Nigel:We haven't played in new zealand - i'd love to go to South Island where they filmed Lord Of The Rings - looks amazing! India appeals to me too - would love to try some genuine curries!! Also Thailand maybe and thereabouts.
Festivalphoto: With the success of the charity meet and greets you did during the UK tour (and are doing in Europe too), is this something you're likely to consider doing again in the future?
Nigel: Sure, why not - as the advert on tv says - 'Every Little Helps" - if we can do something for different charities that can only be a good thing and the fans love it and personally it's great to actually meet them after soundcheck and talk to them - sometimes after a show it's too difficult to have a conversation as there are usually a lot of them wanting autographs etc.
Festivalphoto: With so many albums, and so many classic tracks, does it make it easy or hard to pick a setlist for a tour?
Nigel:It's actually a nightmare! - when you tour a new album you have to play new songs - that's why you go on the road in the first place, to promote it - then people want to hear the classics - other people want to hear certain songs and others want different ones - it's impossible to please everyone - then there are songs each member of the band loves so that has to be considered too - as i say it's a nightmare but a good one, what with having so many to choose from!
Festivalphoto: When touring, how much influence do the band have over the choice of support bands?

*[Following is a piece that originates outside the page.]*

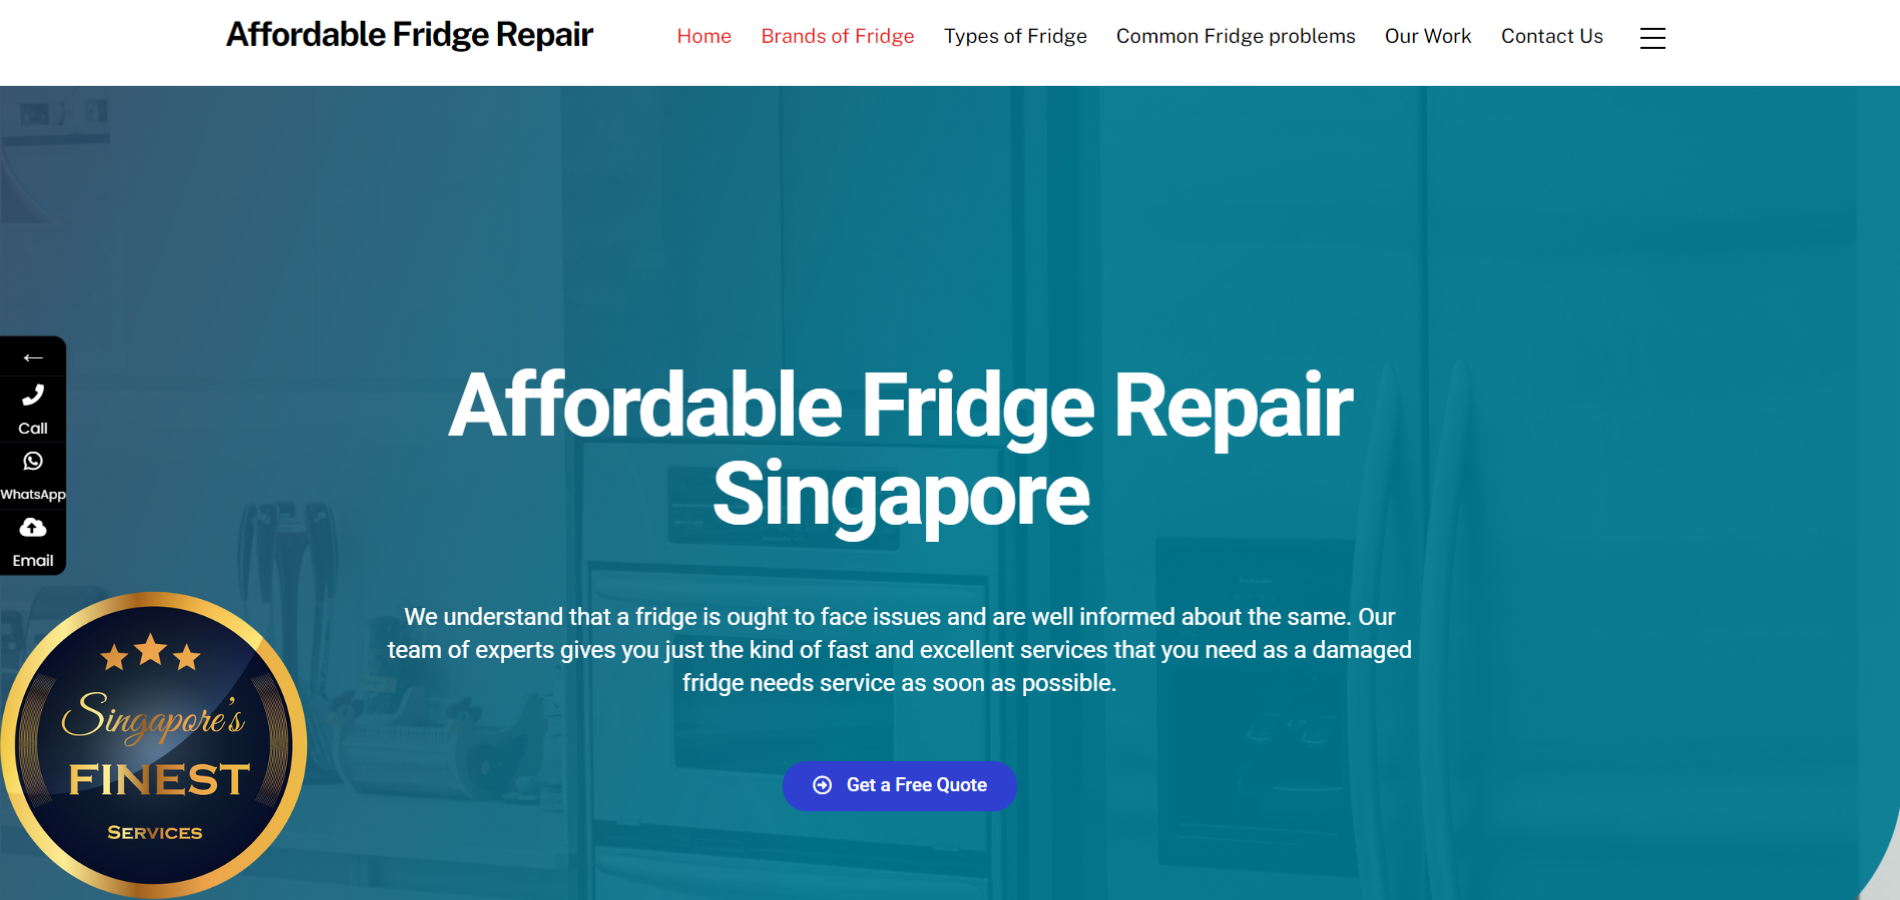 The Finest Fridge Repair Service in Singapore

Nigel: It's generally a joint decision between the band, the management, our booking agent, and the promoters - there's no general rule - the bands we've had on the UK and European legs this tour have been great!
Festivalphoto: What are the biggest changes you've seen in the music industry over your long career?
Nigel: Obviously there have been shifts in popularity of the different genres of music - and a lot of one-off fads - for me the big change has been in the way record companies operate - when we started, a band was signed to a company for say a four album deal, then they would nurture you, advise you in your career, do their best for you so you, as a band, would grow both musically and hopefully popularity-wise - it was everyone pulling together -the record company, band, management etc - nowadays it seems as if the big record companies are only interested in instant hits - if you fail it's bye-bye! - and the smaller ones have to operate on much tighter budgets.
Festivalphoto: What bands/artists influenced you to start playing music?
Nigel: That's a hard one - there were so many! - once i decided to play the drums seriously i would listen to bands like Genesis, PFM, Barclay James Harvest, Procul Harum, Kansas, Rush, Jethro Tull, Cream, Cactus, Vanilla Fudge, Grand Funk - shall i stop now? -) - sorry but the list is endless!!
Festivalphoto: What bands do you listen to these days?
Nigel: Pretty much of all of the bands above but also Porcupine Tree, Evergrey, Sigur Ros, Goldfrapp etc etc - i have quite a diverse taste and also love a lot of classical stuff and Russian Orthodox choral music - actually one of my favourite bands is Riverside from Poland - and they came to our gig in Antwerp so i got to meet them and now Piotr, Michal, and Mariusz and i are going to keep in touch and hopefully meet up when we play Poland next.
Festivalphoto: For you, what is the best part about being in Saxon?
Nigel: It's been great to visit countries i might never have gone to, i've made a lot of friends, both musicians and otherwise, and i'm doing something i love - playing drums, composing music etc - and playing in a band with a great bunch of guys who are truly special friends.
Festivalphoto: Thank you for your time.
Nigel: You're very welcome - thank you too!